The spotlight on the US manufacturing industry was front-and-center in 2017. Manufacturing was at the forefront of President Trump’s first year in office, with the President addressing the National Association of Manufacturers in September stating his tax plan would allow manufacturing companies “more production, more investment and more jobs.”
Though the President’s recent import tariffs, lack of foreign trade agreements talk, and 2019 budget that proposes to cut funding for the Manufacturing Extension Partnership have some experts worried, the past 12 months have been very healthy for blue-collar jobs in general. American factories have added jobs at the fastest pace since 2014, and with rumors swirling like General Motors moving it’s South Korean plant back to the US, it’s no wonder manufacturing companies are feeling optimistic after a rough 20 years.
From automation to apprenticeships, here are our top 3 predictions for manufacturing jobs in 2018.
1. Steady job growth.
January’s Jobs Report reported an estimated 15,000 manufacturing job gains for the first month of 2018, making job gains in manufacturing average 186,000 from January 2017 to January 2018.
More than 6 million manufacturing jobs were lost between 2000 and 2010, with the low cost of producing goods overseas combined with the economic recession leading to this low. Recovery and job gains began in the years following, and then plummeted again in 2016 with 16,000 jobs lost.
2017’s gains were no small fete, with experts stating multiple factors have contributed to the manufacturing comeback. Perhaps the most notable is the weaker US dollar, which makes US exports more attractive to foreign buyers, and drives demand overseas – and thus jobs – for the manufacturing industry. Demand is also strong in the US because unemployment is so low – more Americans are holding jobs than they have since pre-recession times, driving stateside spending.
If economic conditions stay their current course in 2018, expect to see manufacturing jobs in line with 2017’s gains – if not slightly higher.
2. Increased use of automation.
Though manufacturing job growth should continue through 2018, The Bureau of Labor Statistics’ has a different outlook come the year 2026. In their 2016 – 2026 Career Outlook Report, the BLS predicts manufacturing will loose 700,000 jobs by 2026, citing international competition and the adoption of new productivity-enhancing technologies as the reason.
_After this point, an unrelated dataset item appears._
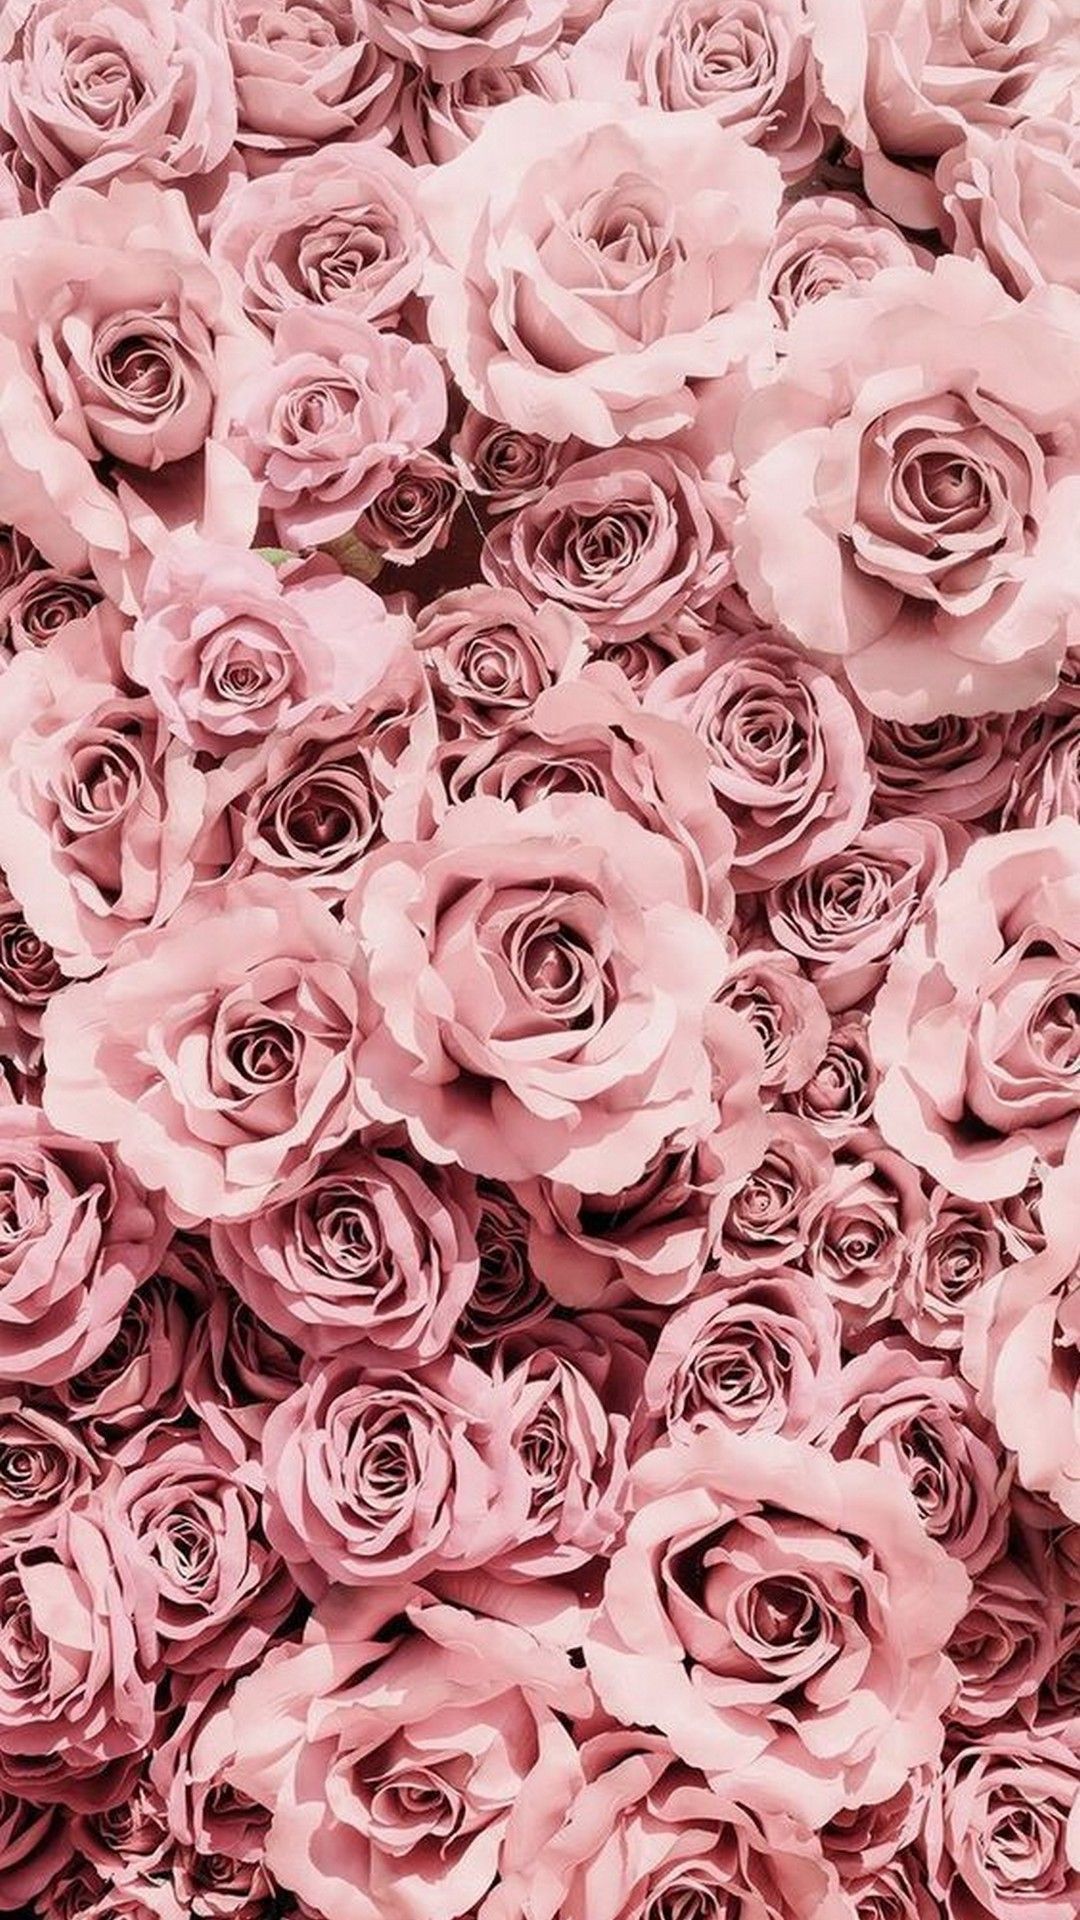 A bunch of pink roses in a bouquet. - Rose gold, Android, roses, garden

Bloomberg has the exact opposite sentiment. The media company examined manufacturing inventories across various sectors, from automobiles, to appliances for the strong housing market, and found they are currently not able to keep up with demand, creating the need for continued manufacturing job growth.
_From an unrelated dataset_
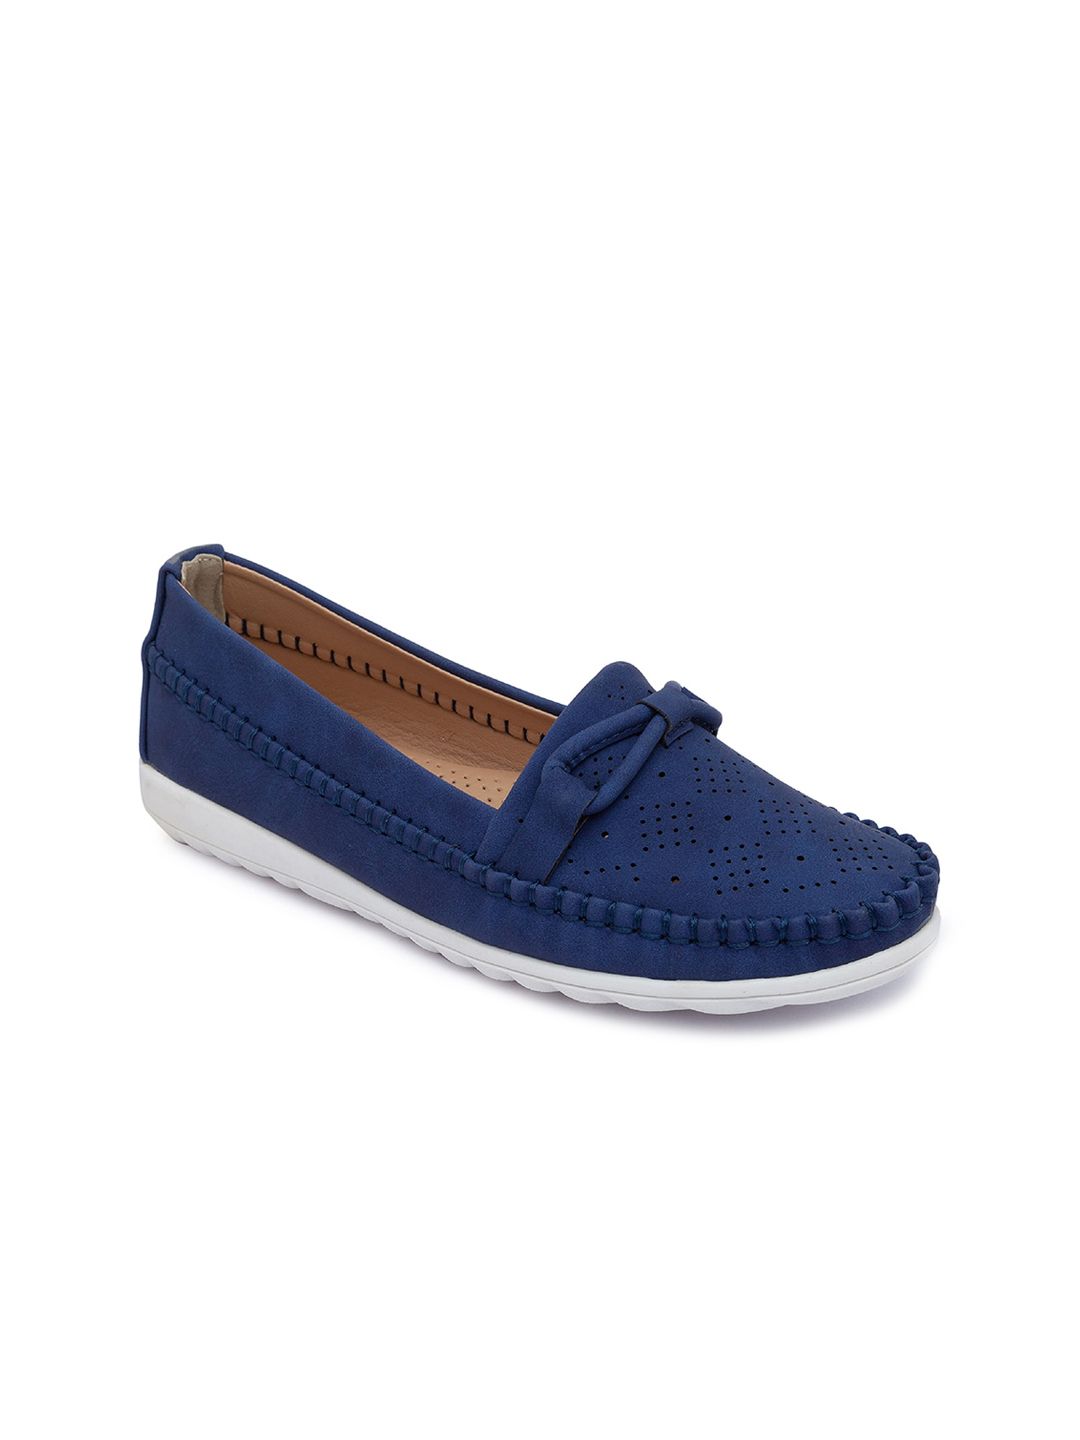 CERIZ Women Navy Blue Perforations Boat Shoes Price in India

While international competition continuously ebbs and flows, as does the US’s stance in the innovation and efficiencies game, companies do have a chance to stay ahead of the technology curve by addressing training for automation technology in their development plans now.
Manufacturing has long been considered a victim of automation. While it’s true fewer manufacturing jobs are on an assembly line – and instead are running computers or machines – companies can prepare their workforces for what’s ultimately unavoidable. The factory jobs of the future look nothing like the factory jobs of the past, and 2018 will be another year of manufacturing companies automating their large-scale processes and using the data from this to drive efficiencies.
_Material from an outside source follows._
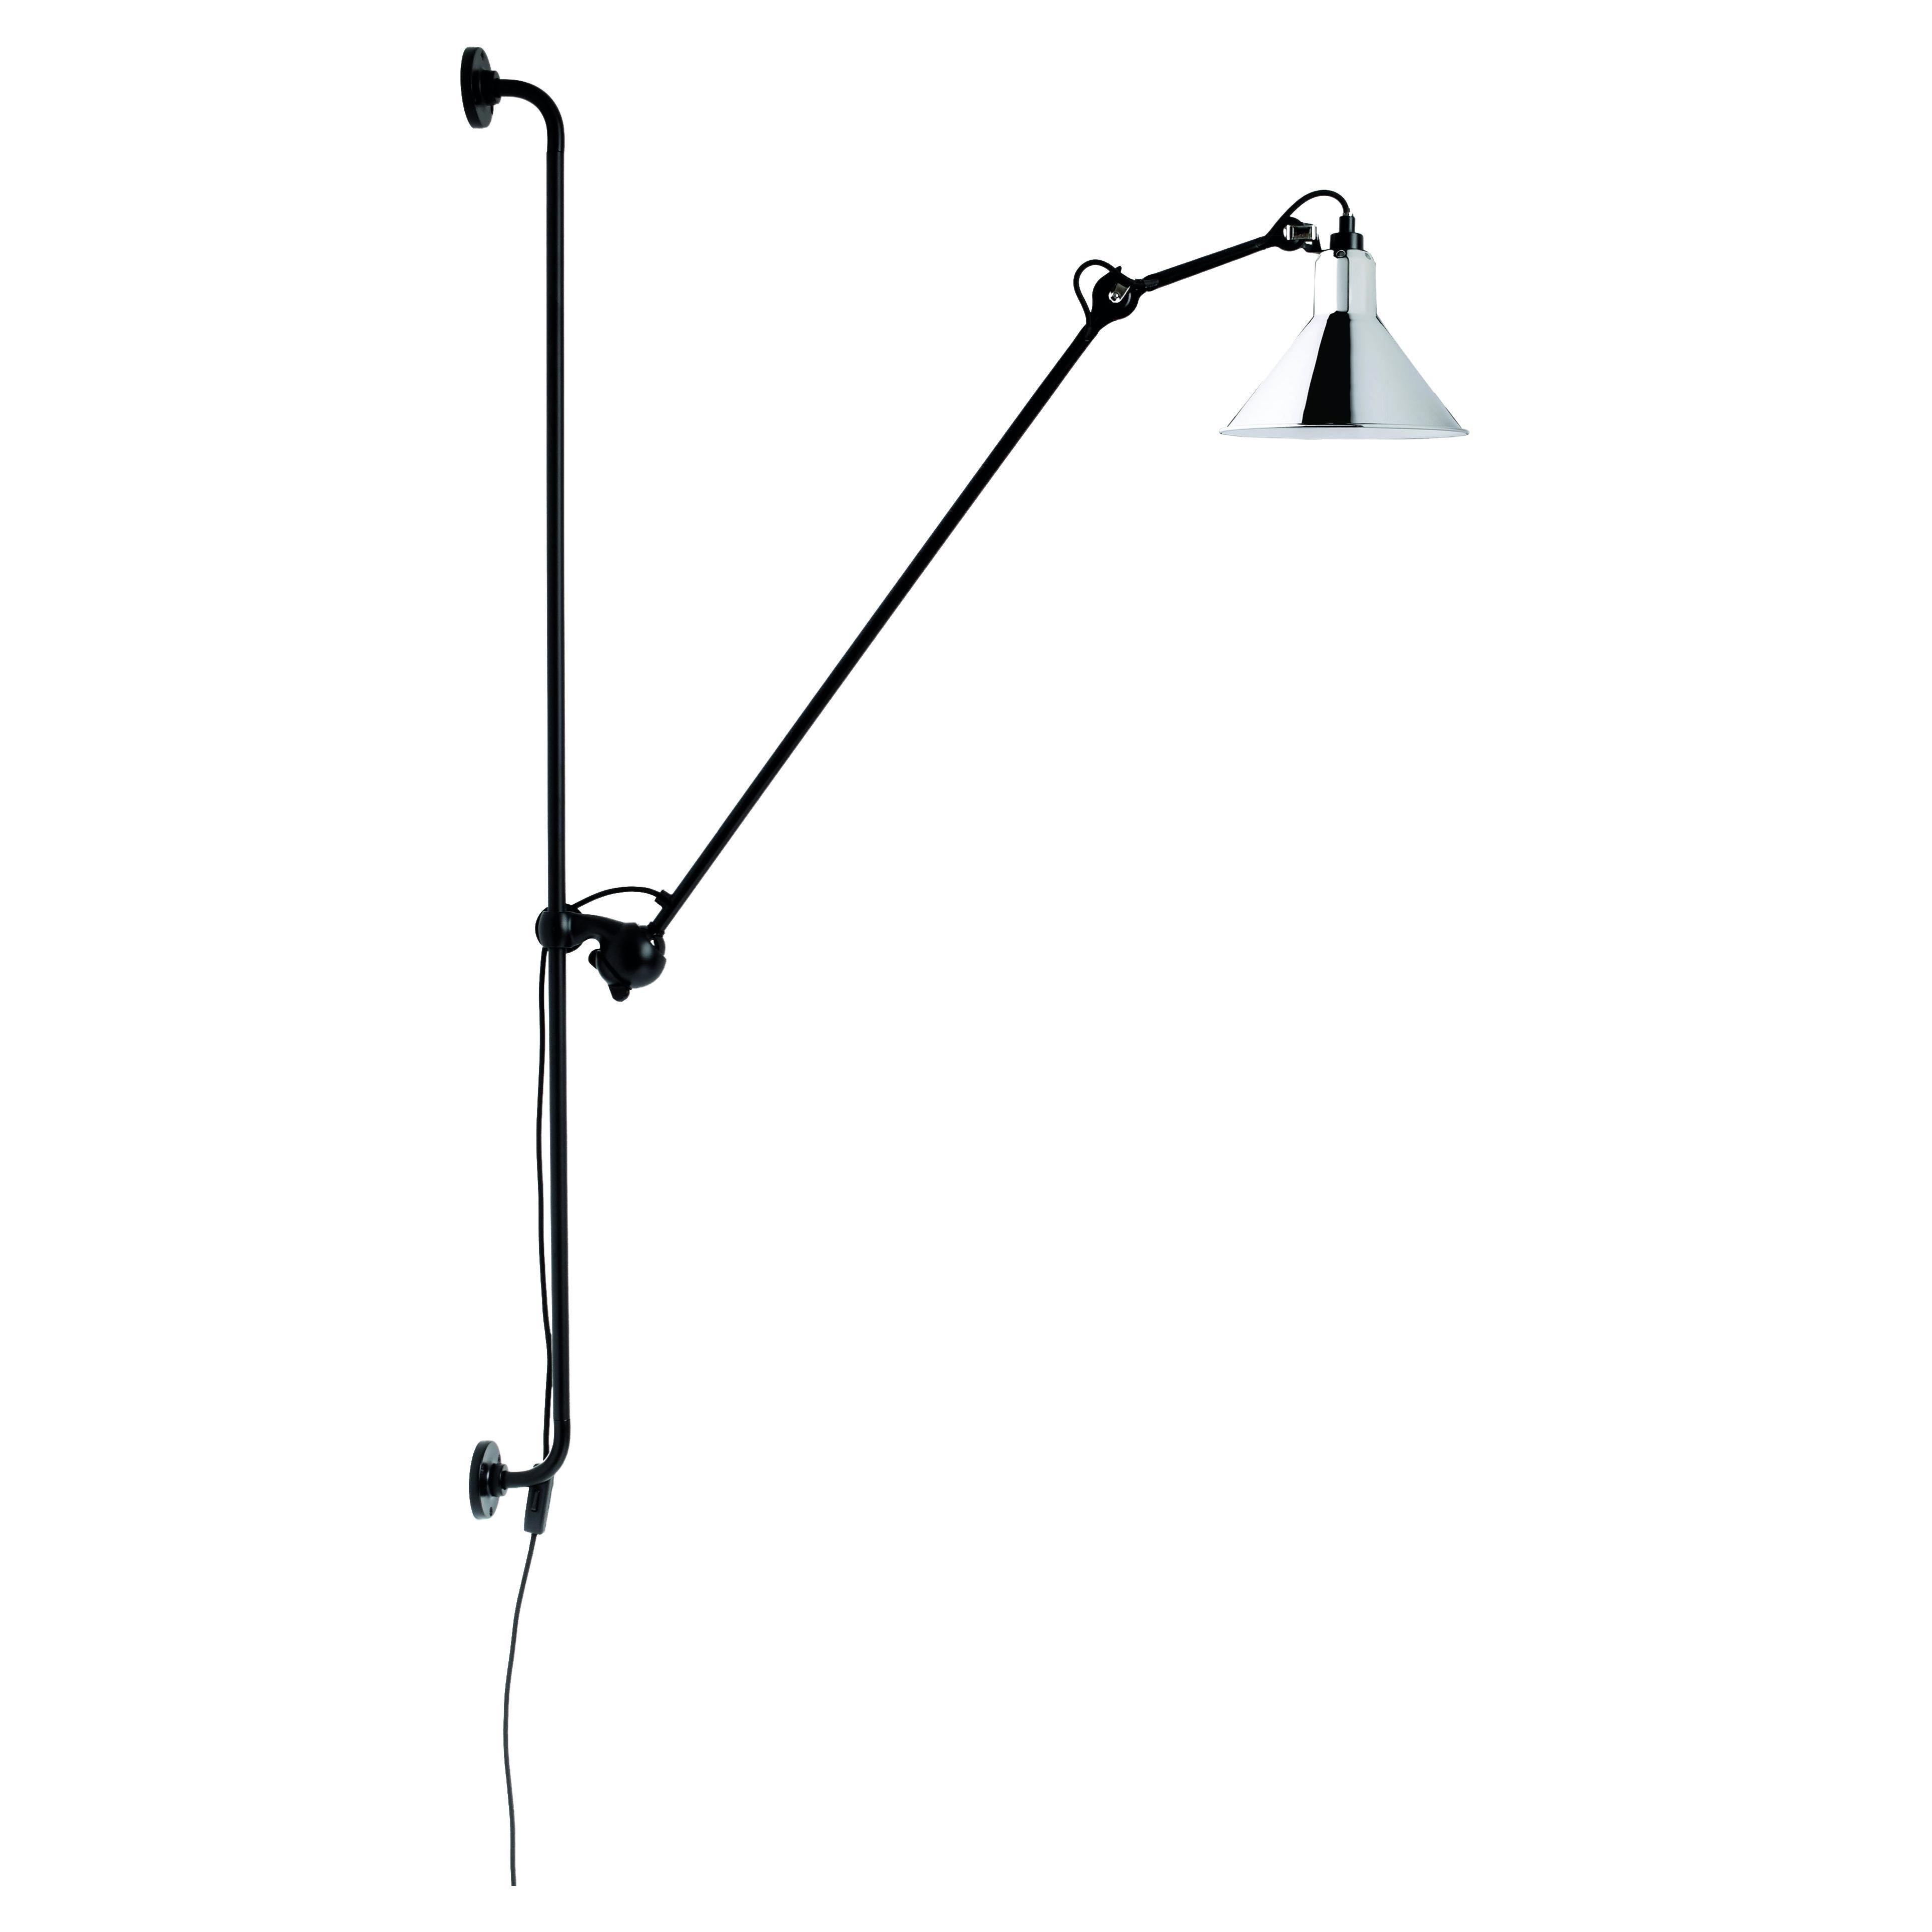 DCW Editions La Lampe Gras N°214 Conic Wall Lamp in Black Arm and Chrome Shade For Sale

3. Investment in alternative education
Searching for new workers already trained in automation technology would be unwise given the tight labor market, and the fact that these skills are only as old as the technology itself is. Manufacturing companies will instead invest in re-skilling and retraining their current workforces in 2018.
The skills surrounding the process of production – both execution and management – can be easily applied to new production technology with proper training and up-skilling. Manufacturing workers will also need to take the initiative to learn new skills in 2018, in preparation for the continued rise of automation, if they want to remain relevant and needed in their fields.
A related prediction for manufacturing for 2018? Increased apprenticeship opportunities. States like Kentucky and Ohio have already seen tremendous success from implementing apprenticeship opportunities with manufacturing companies in their areas, and President Trump’s executive order to double funding for apprenticeships in 2017 seems to have put work-based learning on the map for major US manufacturing companies.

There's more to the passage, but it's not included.